The Role of Cadmium-Resistant Bacterial Application and Compost in  Promoting Water Spinach Growth and Reducing Cadmium Uptake

Novrianty Rizqi Azis; Yulia Nuraini; Reni Ustiatik; Cahyo Prayogo

doi:10.23960/jtep-l.v14i2.417-423

Authors

Novrianty Rizqi Azis Brawijaya University
Yulia Nuraini Brawijaya University
Reni Ustiatik Brawijaya University
Cahyo Prayogo Brawijaya University

DOI:

https://doi.org/10.23960/jtep-l.v14i2.417-423

Abstract View: 144

Abstract

The continuous use of chemical fertilizers and pesticides in soil can result in the presence of cadmium (Cd) residues that may interfere with plant growth and pose a risk of uptake by plants. The issue of soil contamination by Cd can be addressed through soil bioremediation, which involves the use of Cd-resistant bacteria and compost. The objective of this study was to analyze the impact of Cd-resistant bacteria and compost application on the growth and Cd uptake of water spinach.

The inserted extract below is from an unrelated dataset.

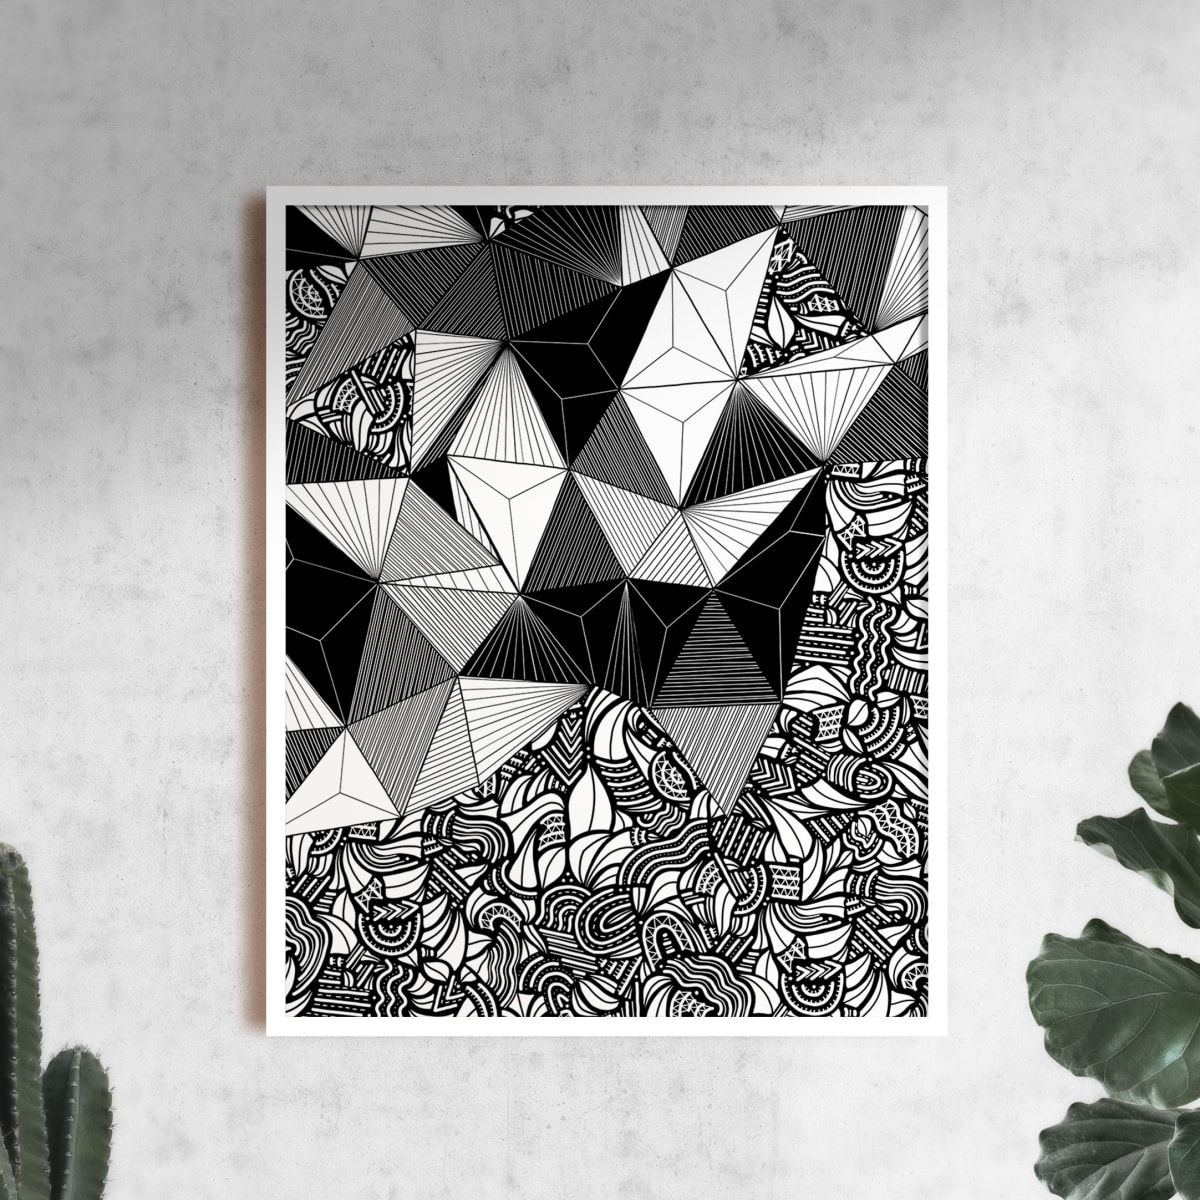 "Conscious Growth 065" Large One-of-a-Kind Print by Debbie Clapper  Image: Conscious Growth Print 065, a black and white one of a kind archival modern art print

The research design was a completely randomized design with seven treatments: (1) control, (2) 5 mL Cd-resistant bacteria consortium, (3) 10 mL Cd-resistant bacteria consortium, (4) 10 tons/ha compost, (5) 20 tons/ha compost, (6) 5 mL Cd-resistant bacteria consortium +10 tons/ha compost, and (7) 10 mL Cd-resistant bacteria consortium +20 tons/ha compost. The results demonstrated that the application of Cd-resistant bacteria and compost did not notably impact the growth of water spinach. However, it did significantly influence the reduction of Cd uptake in water spinach. The application of the Cd-resistant bacterial consortium and compost was effective in reducing the Cd uptake of the water spinach plants in all treatments. The combination of 10 mL of bacterial isolate and 20 tons/ha of compost demonstrated the greatest reduction in Cd uptake by water spinach, reaching 73%.

Keywords: Bioremediation, Cadmium-resistan bacteria, Compost, Environmental monitoring, Soil contamination.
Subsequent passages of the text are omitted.